Покинув коронационный зал, я некоторое время бродил по залам замка. Ровно в час раздался оглушительный пушечный залп — его ежедневно производят с замкового бастиона, чем немало удивляют гостей столицы. В конце концов я оказался в одном из самых интересных помещений. Гид в униформе сообщил, что в этой комнате Мария Стюарт произвела на свет своего единственного наследника, которому впоследствии суждено было стать Джеймсом VI Шотландским и Яковом I, королем Англии. Это оказалась совсем крохотная комнатка — едва ли больше королевской трапезной, которую я осматривал в Холируде. Здесь помещалась кровать с пологом на четырех столбиках. Я подошел к окну, откуда открывался головокружительный вид на окрестности скалы. Заметив мой интерес, гид тут же заученно отбарабанил историю о том, как маленького Джеймса спустили в корзине из окна комнаты, дабы его могли крестить по католическому обряду. На мой взгляд, в этой легенде слышны отзвуки другого эпизода: о бегстве Джеймса II Шотландского из-под деспотичной опеки канцлера Крайтона.

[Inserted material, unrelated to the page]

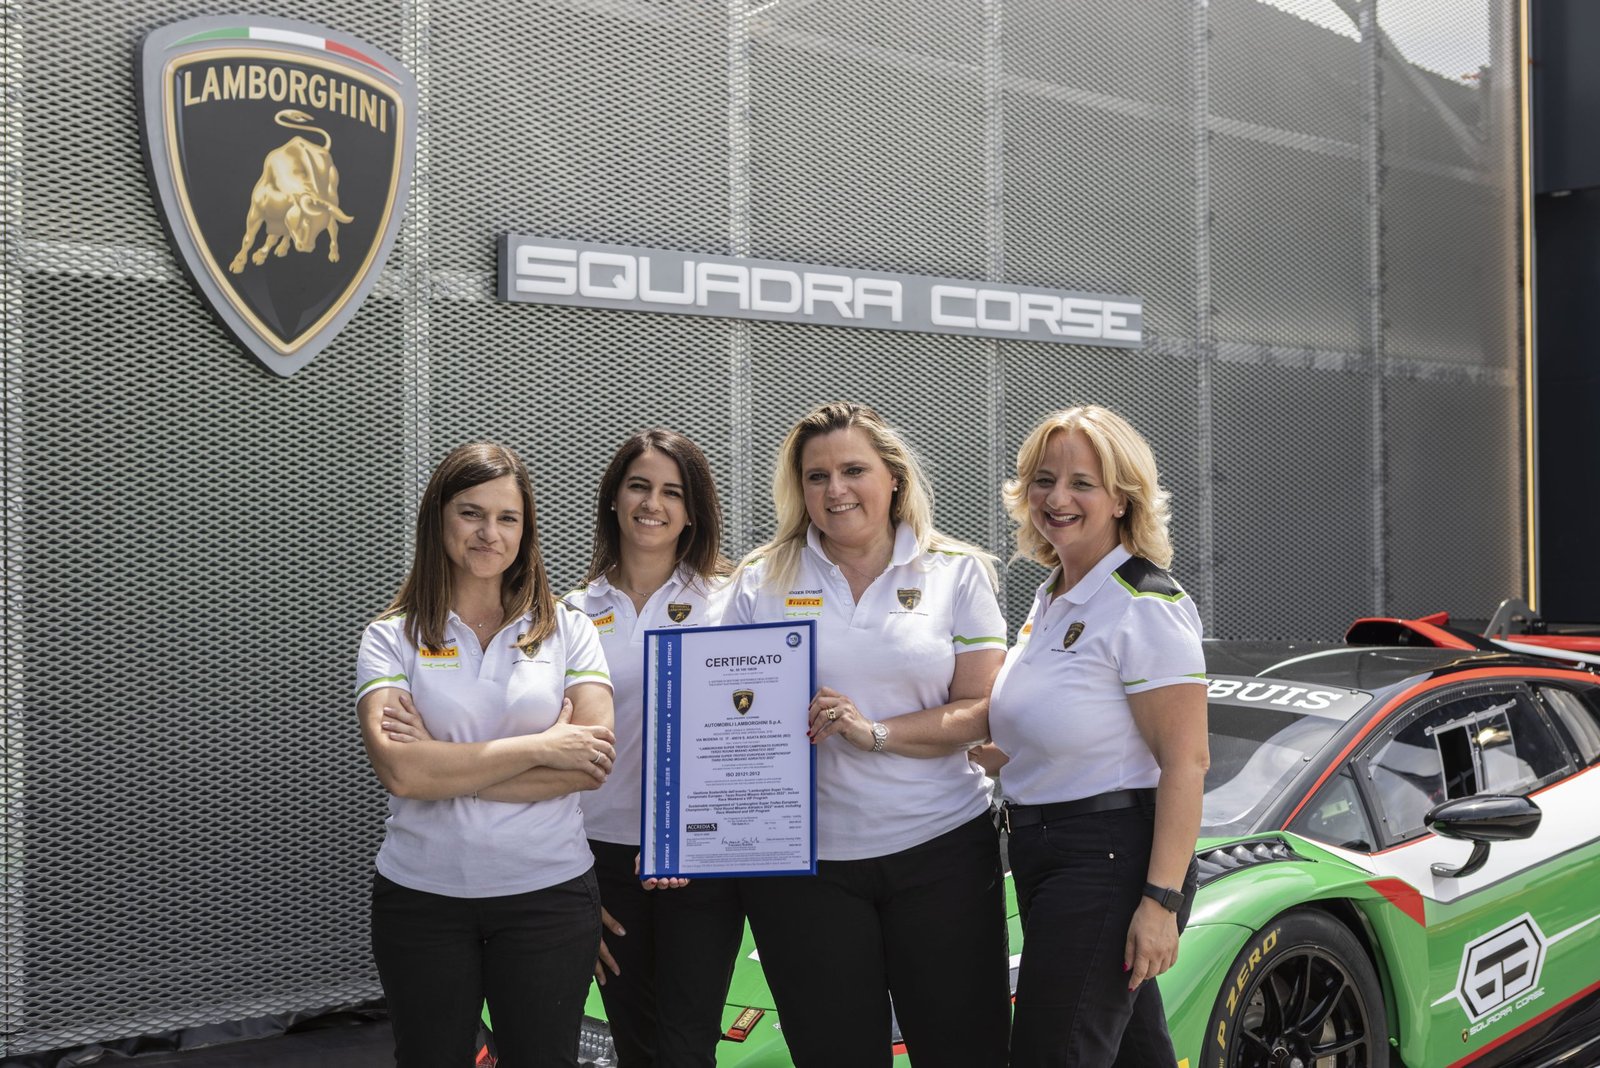 Automobili Lamborghini certified UNI/PdR 125:2022 for gender equality policies © Copyright PLPG GLOBAL MEDIA 2023

Решив не придираться, я перевел разговор на другую тему:
— Скажите, правда ли, будто несколько лет назад в стенах этой комнаты обнаружили останки младенца, завернутые в золотую парчу?
— О да, именно так! Тело снова вернули на место, так что оно и сейчас находится где-то в стене.
События тех далеких дней представляют собой величайшую тайну в истории Шотландии. Многовековая традиция утверждала, что Мария разрешилась от бремени спустя три месяца после убийства Риччо, бедняги, который умер, сжимая в руке кусок от подола ее платья. Но ребенок якобы умер — то ли во время родов, то ли вскоре после того. Чтобы предотвратить назревавший политический кризис, смерть младенца решили скрыть, и с этой целью его подменили другим ребенком, который со временем унаследовал обе короны. Многие из современников Джеймса замечали, что сам он чувствовал себя очень неуверенно в вопросах престолонаследования. Тем большую благодарность Джеймс испытывал к людям, которые пытались развеять его сомнения. Вряд ли данное обстоятельство можно считать надежным доказательством, но тем не менее…
Об этой легенде вновь заговорили в 1830 году, когда после пожара в покоях Марии Стюарт служители обнаружили за обшивкой стен потайную нишу размером примерно фут на два фута шесть дюймов. В углублении стоял маленький дубовый гроб, в котором находились кости младенца. Они были завернуты в расшитое шелковое покрывало с фамильным вензелем, причем в инициалах явственно просматривалась буква «Д». Возможно ли, чтобы это были останки королевского младенца и подлинного наследника трона? И если так, то кто же тот человек, который известен нам под именем Джеймса VI?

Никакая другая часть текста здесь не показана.